**Data extract**

——

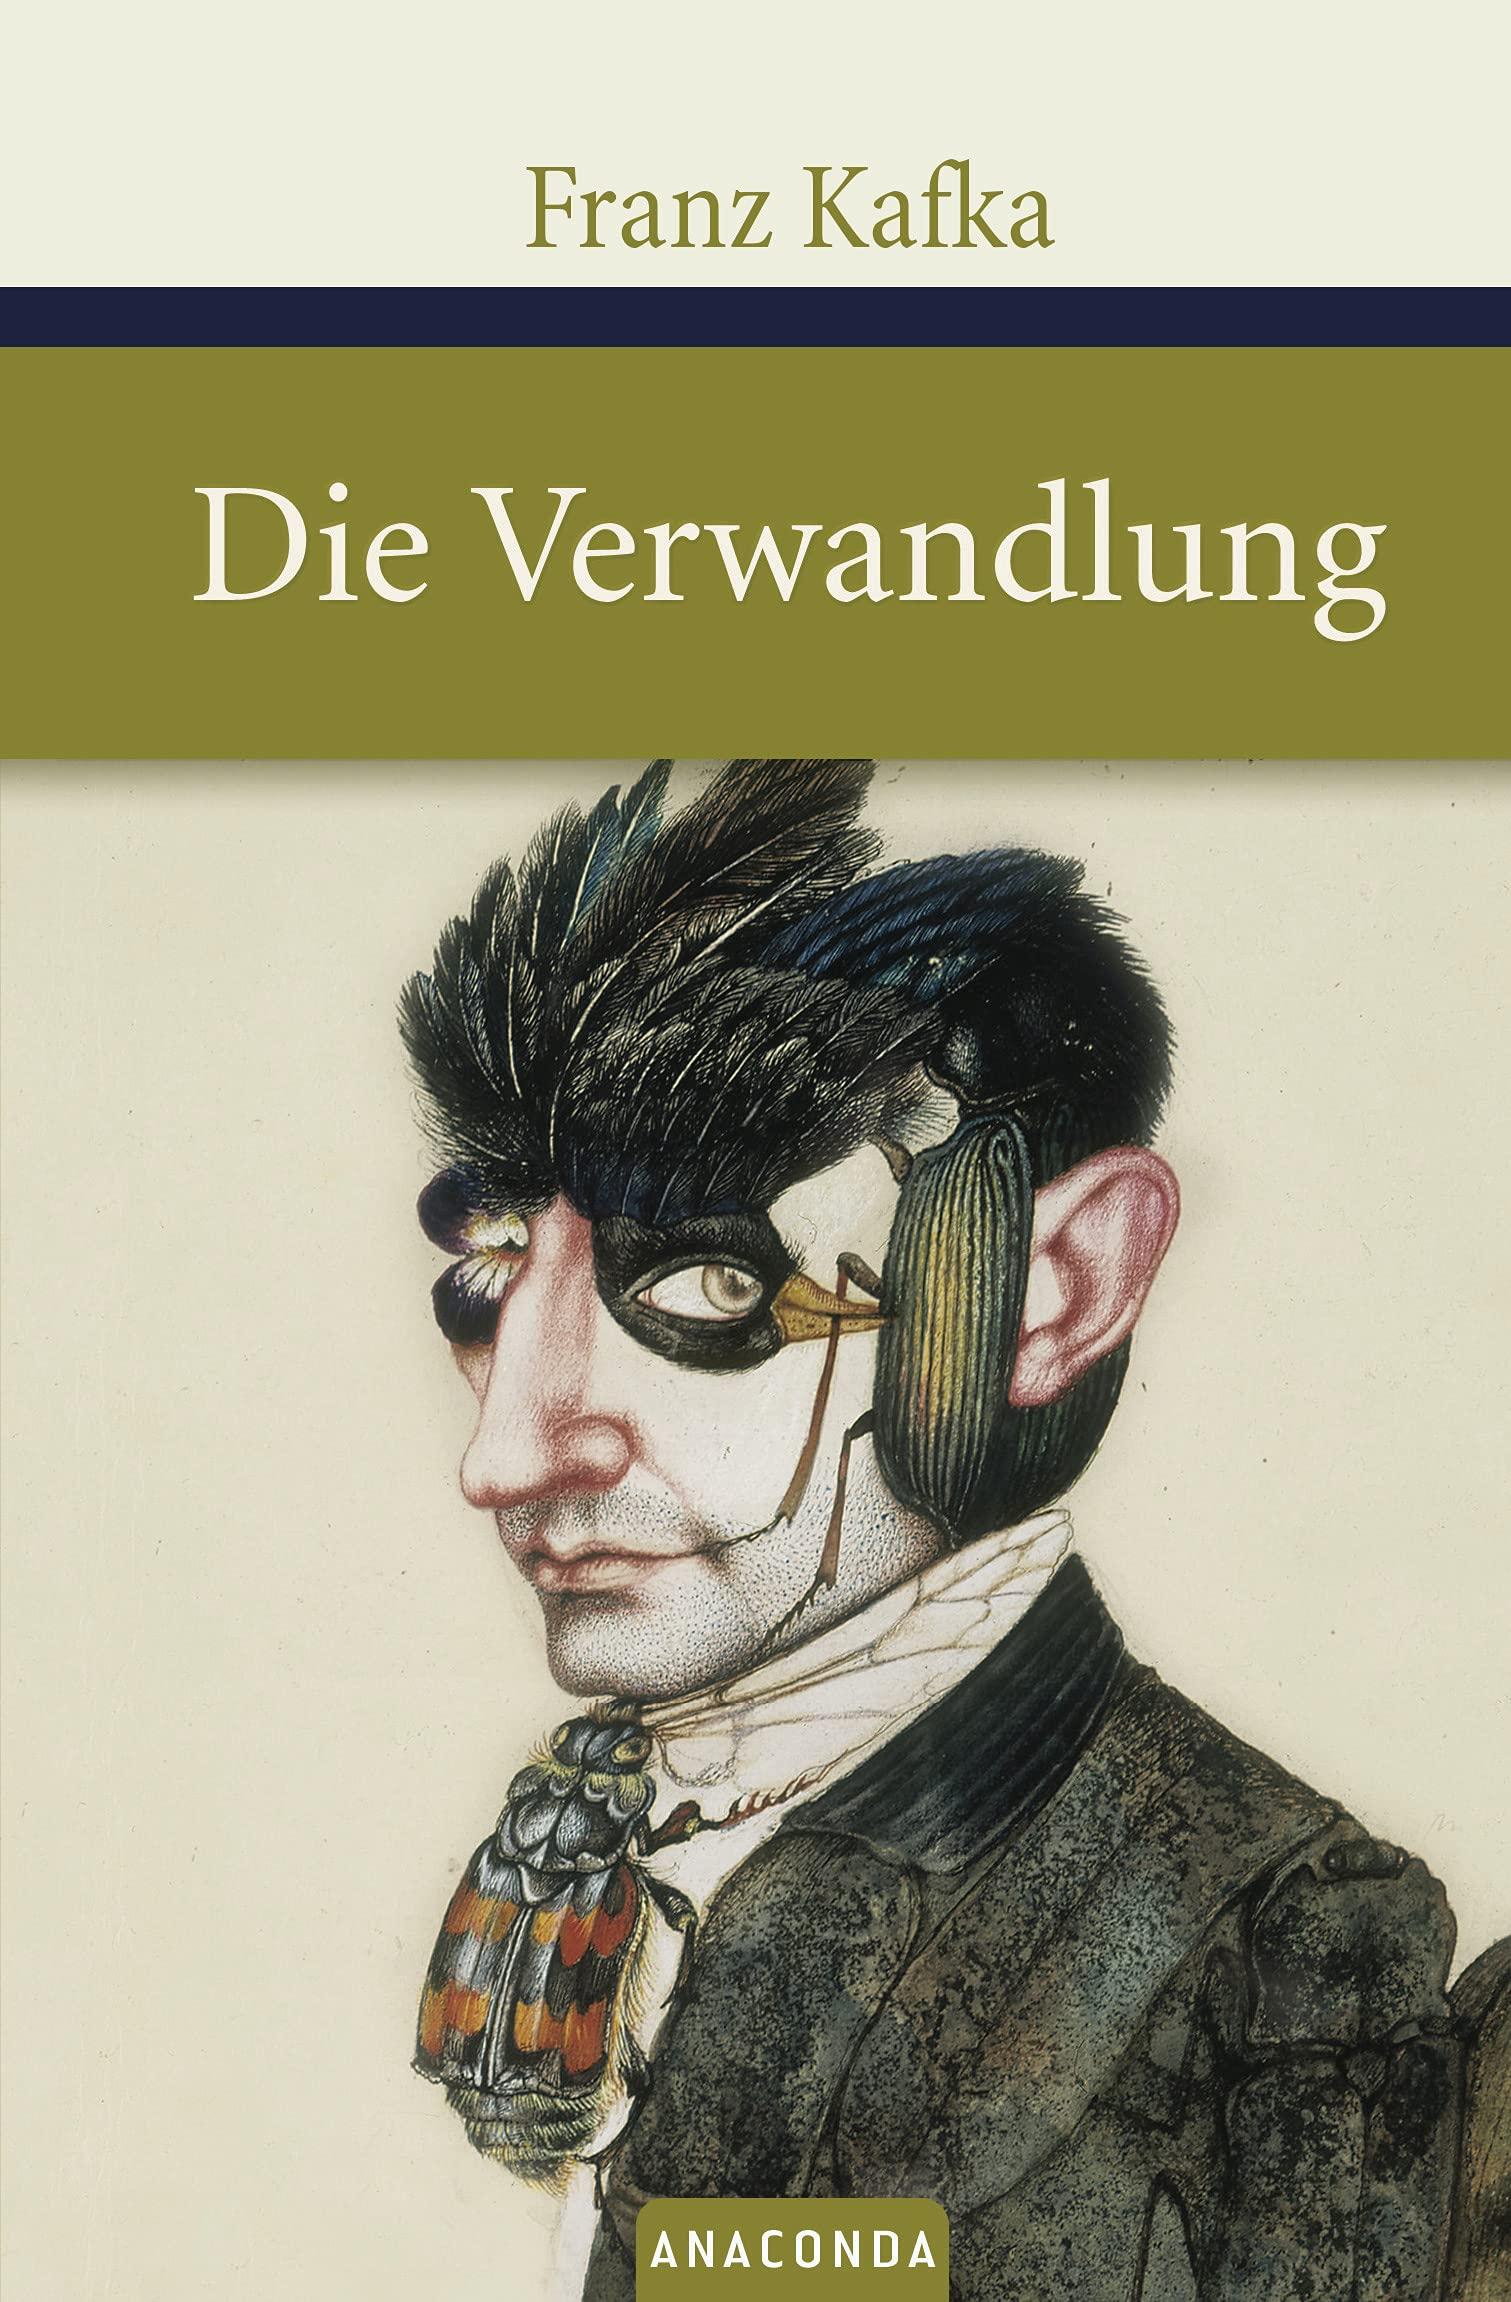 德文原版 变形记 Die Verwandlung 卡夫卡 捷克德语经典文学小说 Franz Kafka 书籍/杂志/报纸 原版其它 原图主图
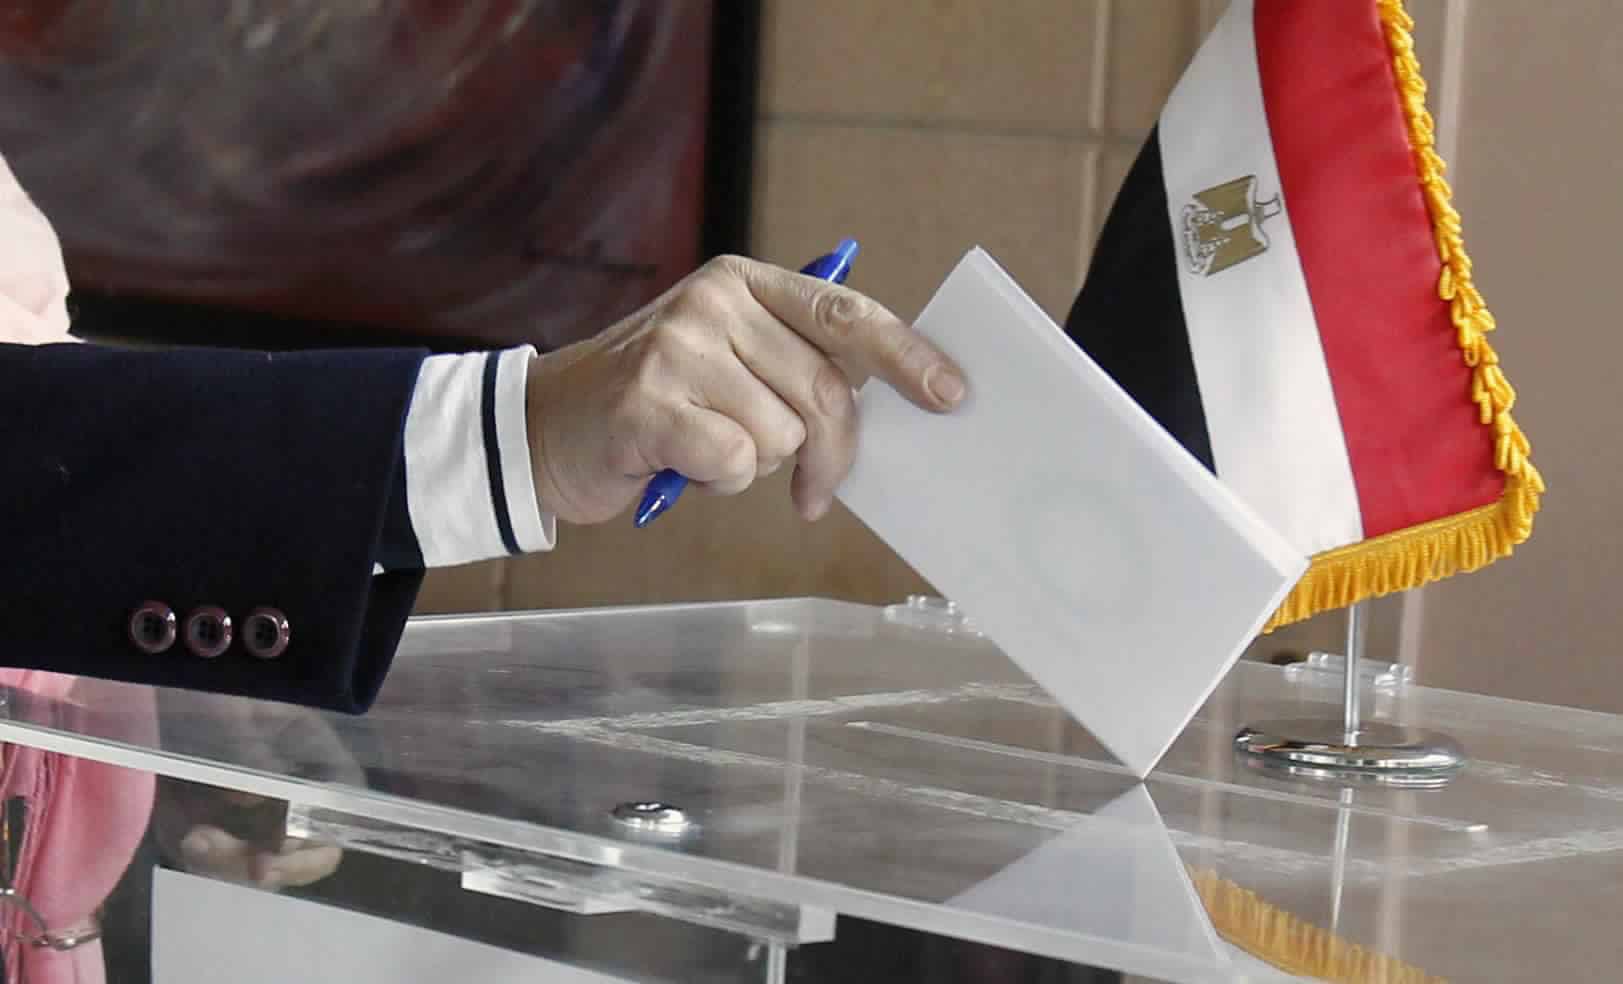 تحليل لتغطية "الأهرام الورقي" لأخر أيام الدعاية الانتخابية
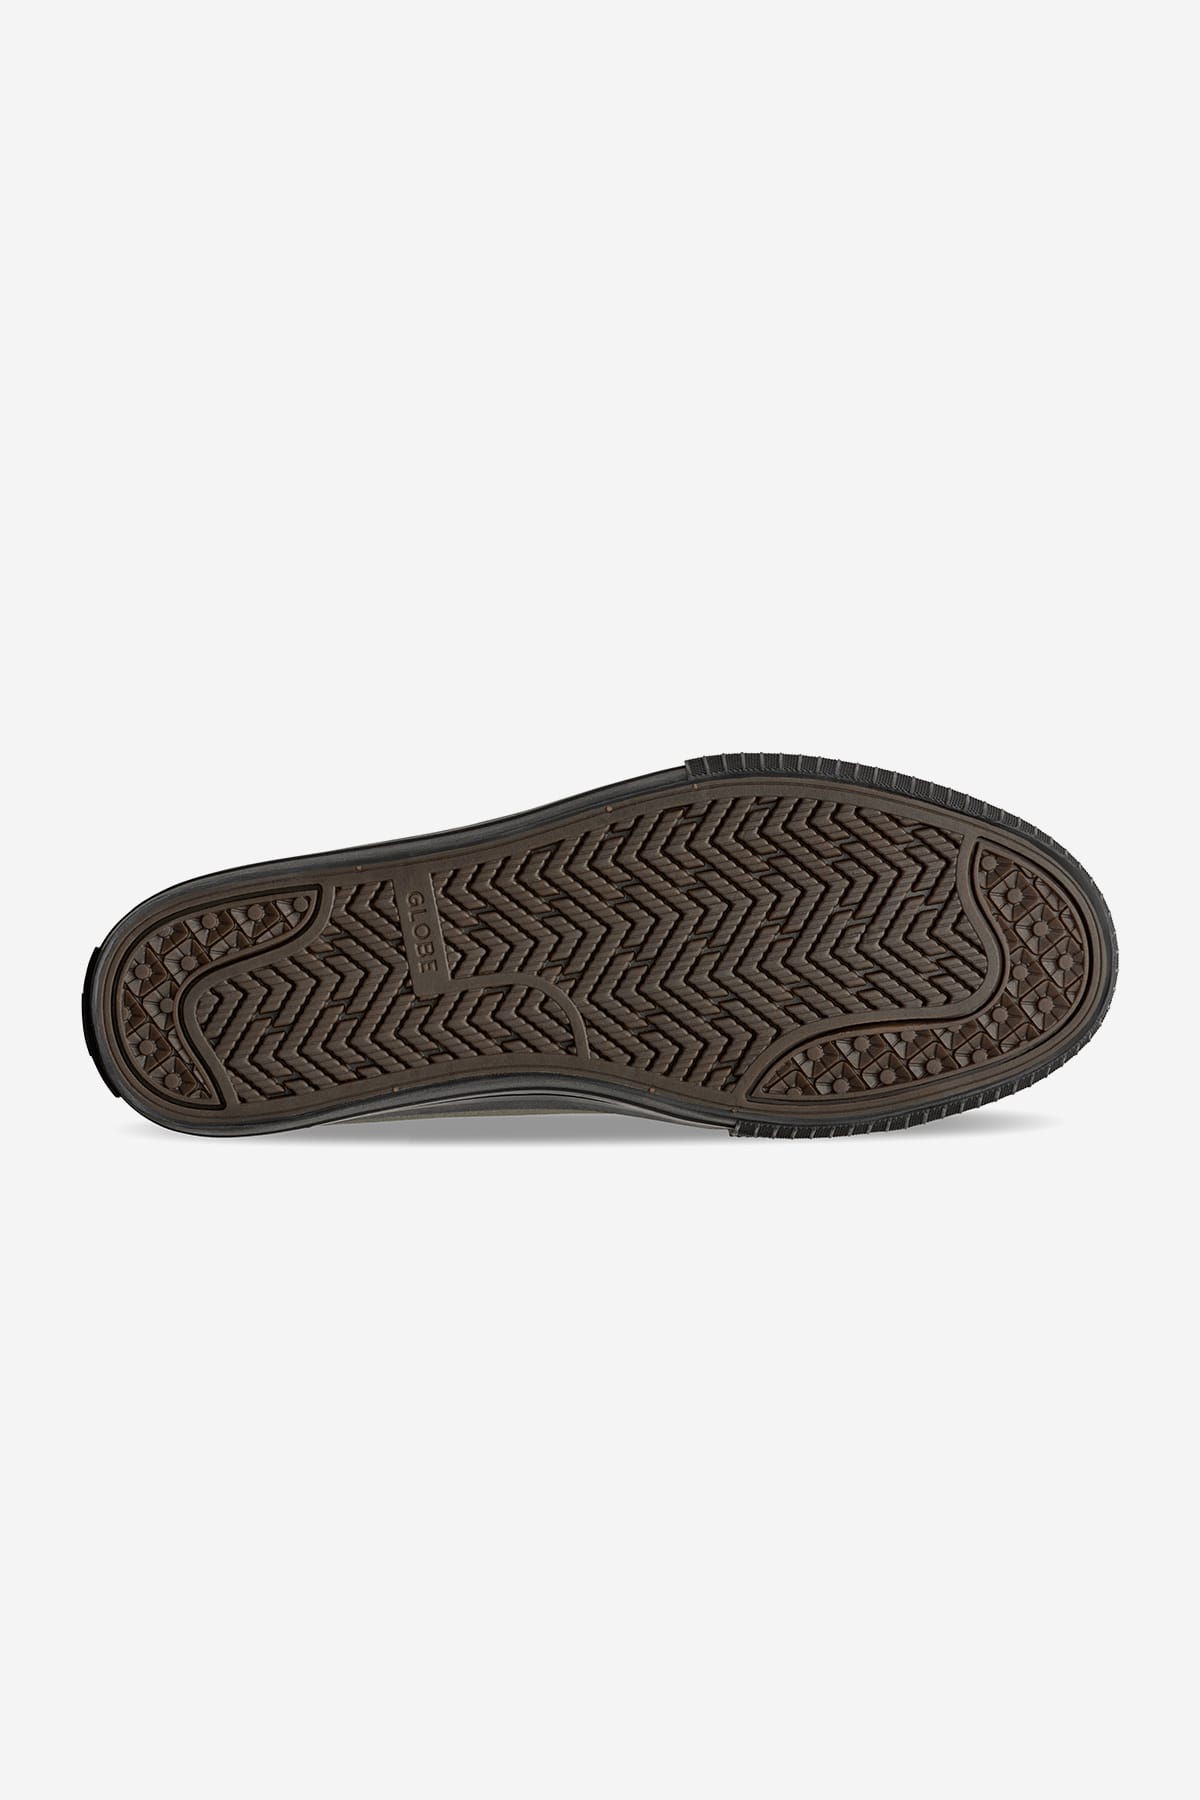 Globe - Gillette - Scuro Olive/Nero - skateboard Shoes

——

**Description of the task**
An exact transcript of the listing is needed, free of pictures.

**Problem solution**
 德文原版 变形记 Die Verwandlung 卡夫卡 捷克德语经典文学小说 Franz Kafka 书籍/杂志/报纸 原版其它 原图主图
 تحليل لتغطية "الأهرام الورقي" لأخر أيام الدعاية الانتخابية
 Globe - Gillette - Scuro Olive/Nero - skateboard Shoes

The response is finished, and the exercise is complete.